(TASK REQUIREMENTS):
Taking the line that contains "Note: Matching desk/console" as the start and the last line of the data as the end, repeat exactly every line in that span, but no pictures.

(MATERIAL PROVIDED):
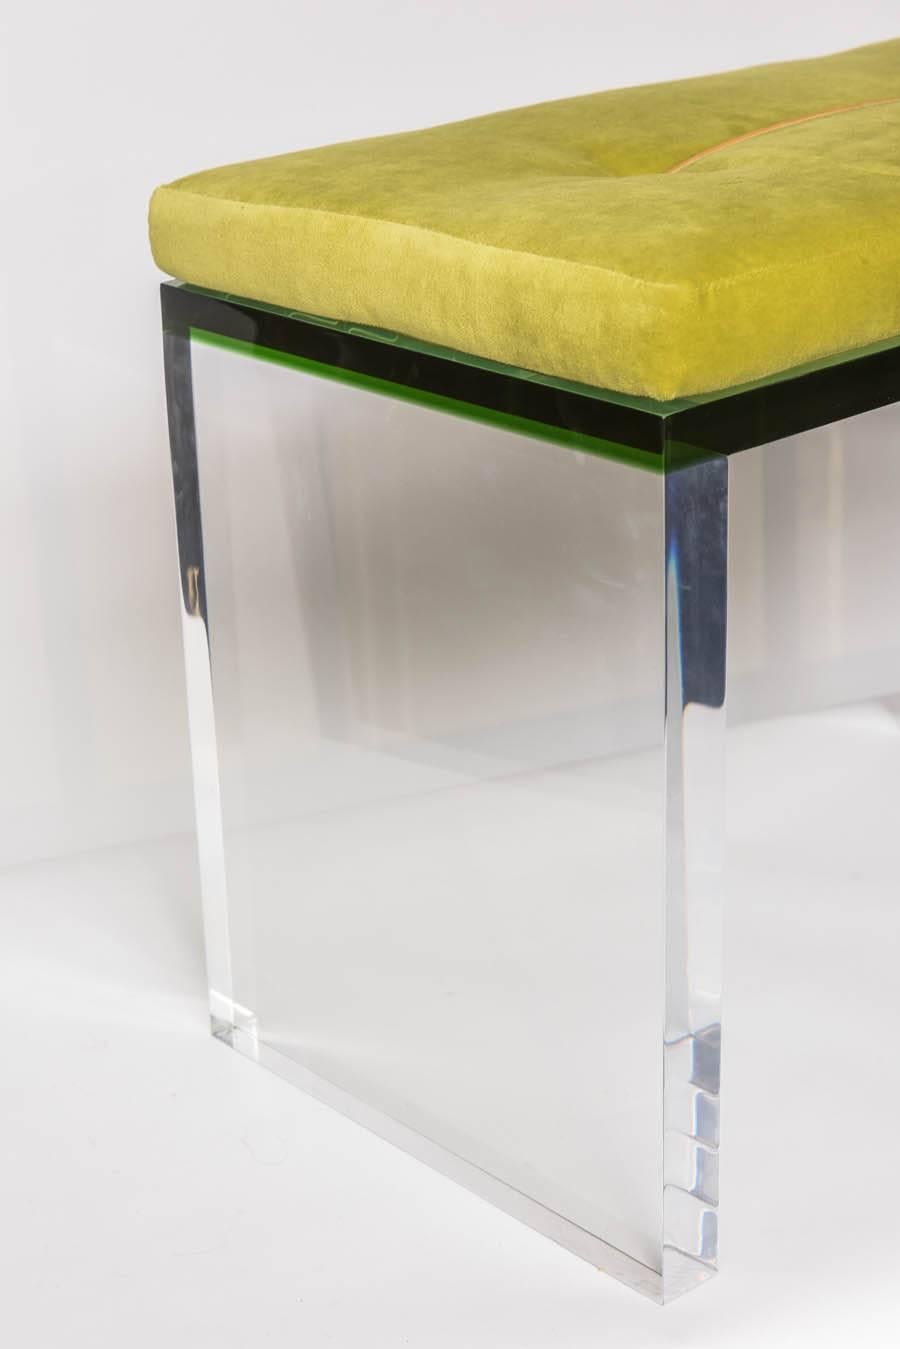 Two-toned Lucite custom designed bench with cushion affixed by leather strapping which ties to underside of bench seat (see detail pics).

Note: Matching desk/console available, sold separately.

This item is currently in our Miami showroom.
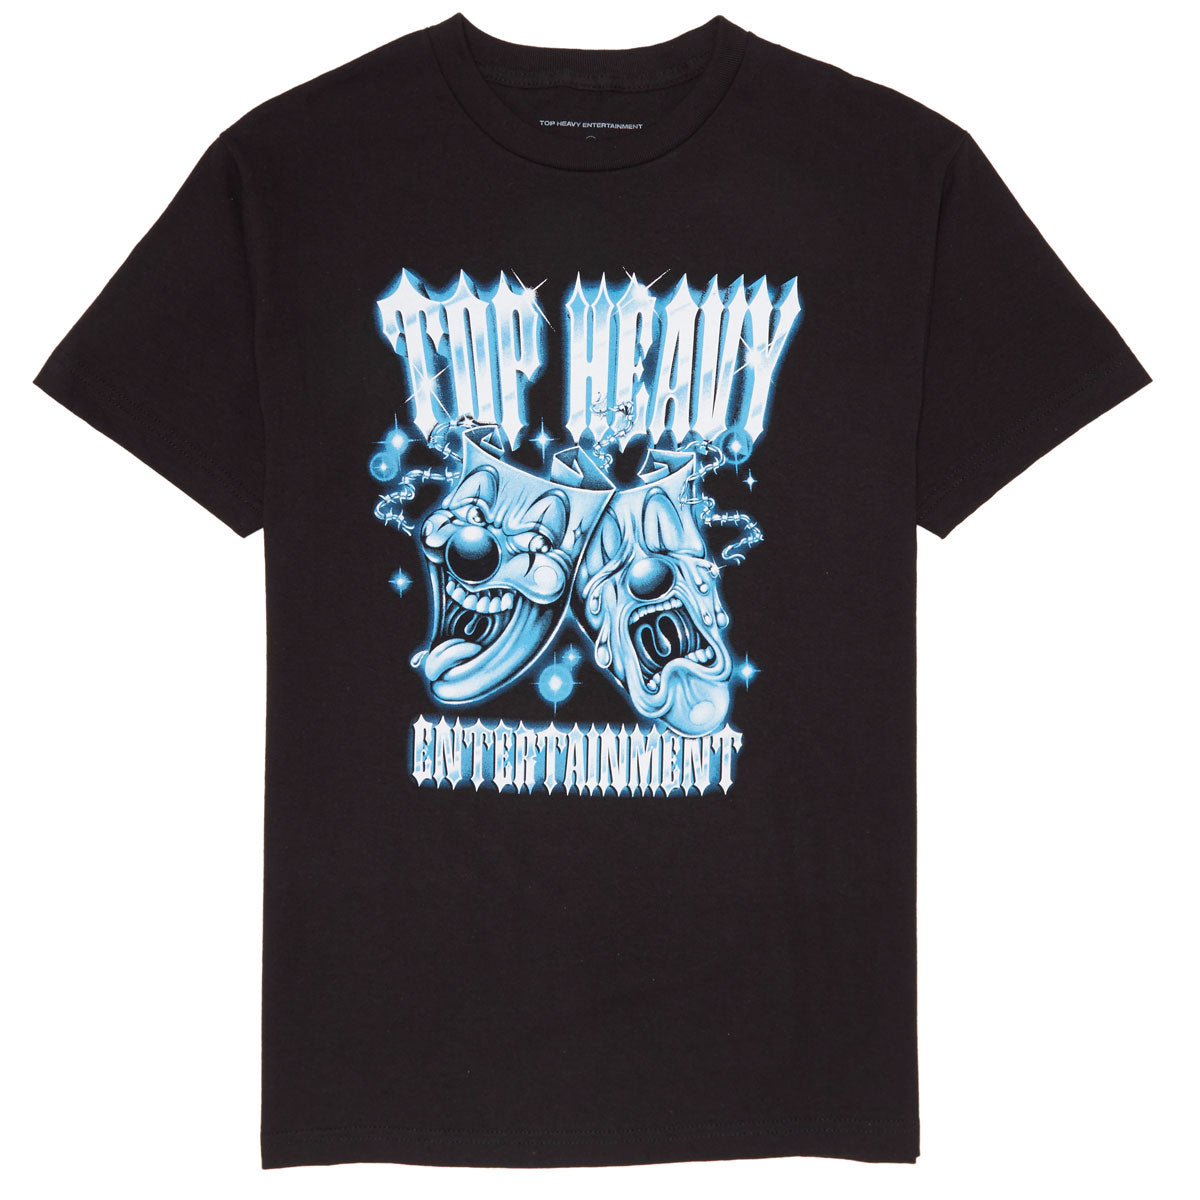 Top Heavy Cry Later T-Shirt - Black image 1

(SOLUTION TO THIS PROBLEM):
Note: Matching desk/console available, sold separately.

This item is currently in our Miami showroom.
 Top Heavy Cry Later T-Shirt - Black image 1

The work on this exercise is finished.